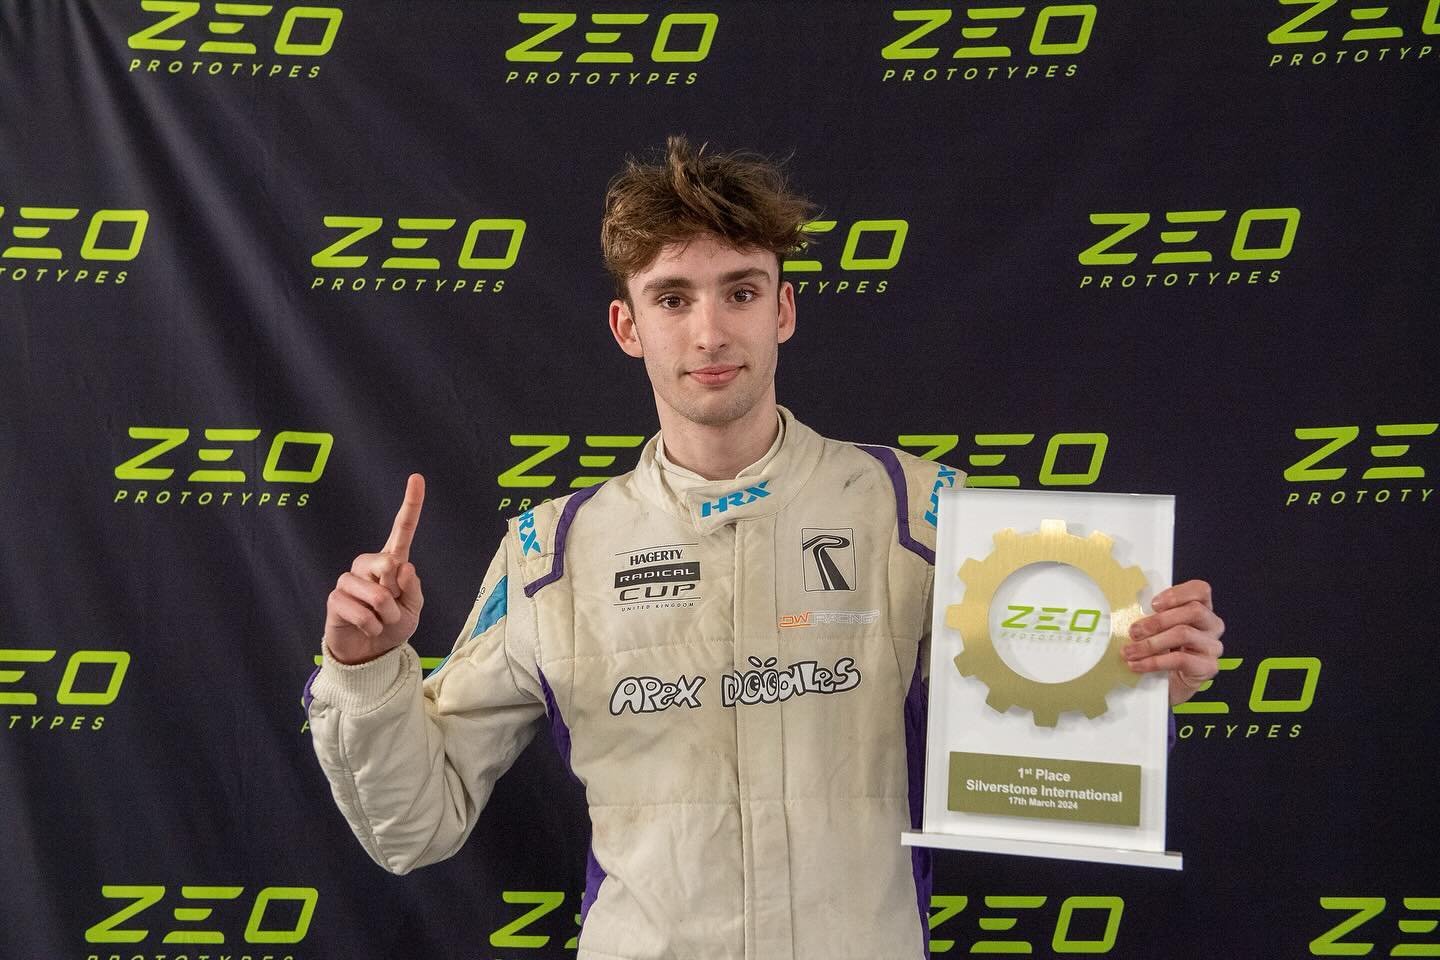 First Race weekend of the Year 🏆
-
@zeoprototypes Round 1 (🇬🇧)
-
Quali: 🥈
-
Race 1: DNF - due to an overheating issue, the car was stuck in a safe mode to prevent further damage leading us to retire 
-
Race 2: 🥇+🟣⏱️ - got into the lead on the f

- **TO DO**:
Nothing but the lines from the one containing "Race 1: DNF" to the end of the records above should appear, each copied exactly.

- **RESPONSE TO THIS EXERCISE**:
Race 1: DNF - due to an overheating issue, the car was stuck in a safe mode to prevent further damage leading us to retire 
-
Race 2: 🥇+🟣⏱️ - got into the lead on the f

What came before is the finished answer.